1 out of 5
Directed by: Stefon Bristol
I hope that I give credit where it’s due when it comes to movies, as it’s a craft that, regardless of how much behind-the-scenes content I intake, I’ll never fully understand without having been involved in such an endeavor. What it takes for such projects, of any size, to happen in the first place is often wild – whether you want to look at it from a studio or indie perspective, any era – not to mention all the unpredictables of cast and crew mashed together, and then what can take place with editing, and testing, and fiddling after-the-fact. So I try to remain humble, and recognize: it’s a tough job.
Still, that credit must only extend so far. What I would charitably say about Breathe is that it takes (what I assume to be) a small budget and fairly spreads it out across key sets, and smartly doesn’t waste shots on effects that can’t passably be rendered to get a point across. And though it’s not exactly a novel premise – a home invasion story set in a post-apocalypse-y setting has been spun up in various sci-fi / horror tales before – there are some tweaks to the concept which suggest maybe what people saw in the script to have put it on a 2019 black list (here’s where wiki links to for that citation).
…But both of those “credits” feel like I’m stretching, because there are a lot of caveats. That a fair amount of quality actors were gathered, and that neither the by-the-books home invasion story or the tweaks added to the story, merit any moments of tension is maybe all you need to know. “Breathe” is one of those movies that’s not exactly bad, but it also never meets or exceeds a kind of baseline – the one where we ask a movie to entertain us.
At some point in the not distant future – and actually, we get a sorta date on that point, but I’ll circle back around to that in the moment – the planet has nearly zeroed out on its oxygen supply. We focus on a mother (Jennifer Hudson), father (Common) and daughter (Quvenzhané Wallis) family who have managed to shore up a bunker for survival, thanks to super botanist mom – maintaining some plant life – and super scientist dad, who’s got some kind of oxygen generator going. Events require dad to go on a journey, so he straps on his O2 tank, and a helpful voiceover from daughter lets us know that’s the last we’ll ever see of him.
(Such comments can either build tension for events to come, or act as a kind of lazy narrative shorthand to get us through a prologue. Based on my previous comments, I’ll let you suppose which this is.)
Flash forward to mother and daughter surviving, when some Mad Max types – played by Milla Jovovich and Sam Worthington – come knocking at their super secure no-one’s-getting-through-here door, with the duo alternating between a story about needing to replicate the family’s oxygen generator for their own encampment, and also making threatening, open-ended statements while wielding bats and guns.

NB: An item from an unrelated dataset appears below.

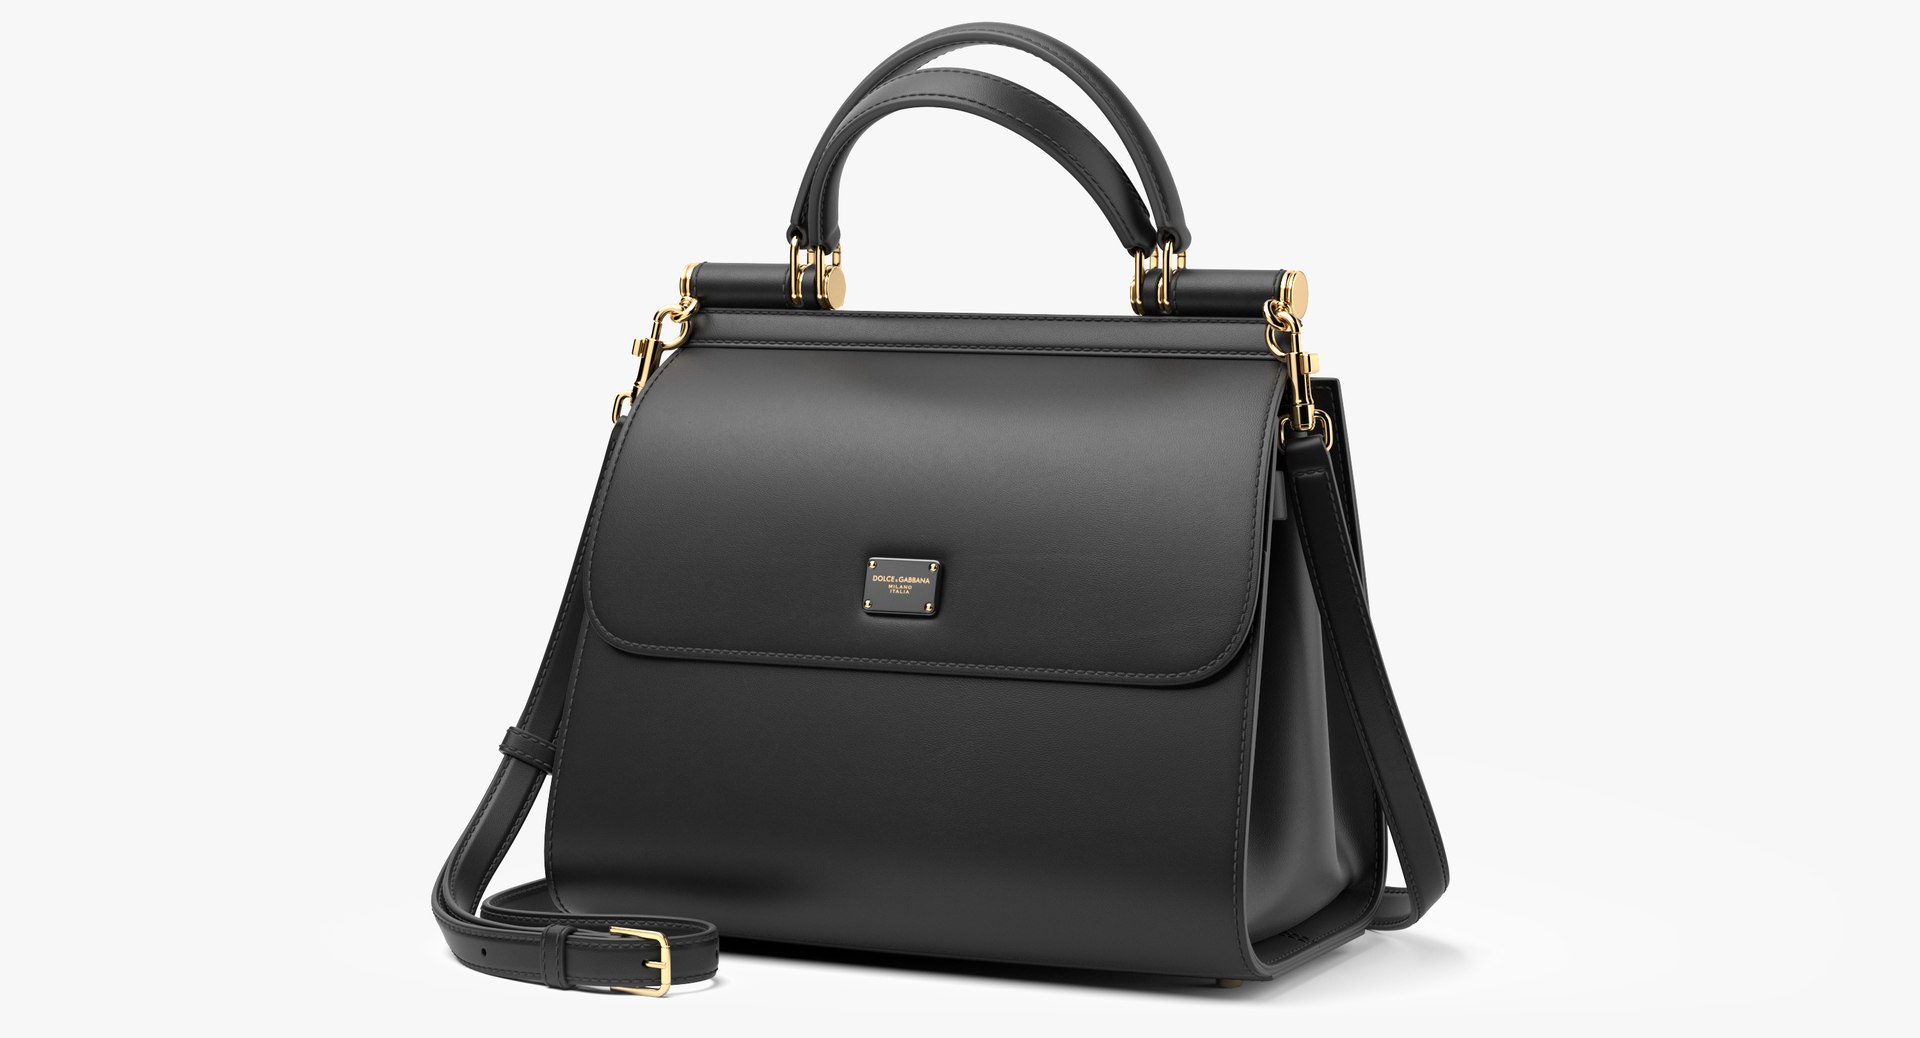 Dolce Gabbana Original Sicily Bag with Top Handle Black Leather

The bulk of the story is the “escalating” standoff between mother and daughter and this duo. But yeah, I put that in quotes because the script never sells any of this. The family are all vague sketches of characters, and the film relies on some cheesy flashback tropes to drum up some tears, which wholly suggest that the entire world went to shit within the time of the (15 year old?) daughter’s life – the flashbacks feature the whole family, and the world is okey-dokey – which, I’m not a scientist, maybe isn’t impossible, but ends up feeling like an editing flub that they just shrugged and left in. Perhaps with some more conversation on what happened it could be dumb justified, but the story is just not interested in going there. …Now apply this approach to everything: apply it to Milla’s and Sam’s “backstory;” apply it to the bond between mother and daughter, which is sitcom-level shallow; and apply it to the direction of all of these actors, who – Worthington included – can be competent at minimum, and sometimes great, and it often sounds like we’re at a table read, trying out a tone for each line. Sometimes actors are in much more serious versions of this; sometimes they’re in quippy versions of it. And I’ll step into tricky territory and poke at what feels like some very out of place moments to remind the viewers that the core family is black, like director Stefon Bristol was worried that anyone who followed him from his Spike Lee produced debut may be disappointed. (I recognize I could be way out over my skis with this comment, but some dialogue along these lines seemed like it was tacked on after the fact.)
Breathe just can’t satisfy on any level. For low budget sci-fi, its premise isn’t deep enough; for a thriller, it’s lacking stakes; and just for a cheapy distraction, the tone and pace never really settle into a groove.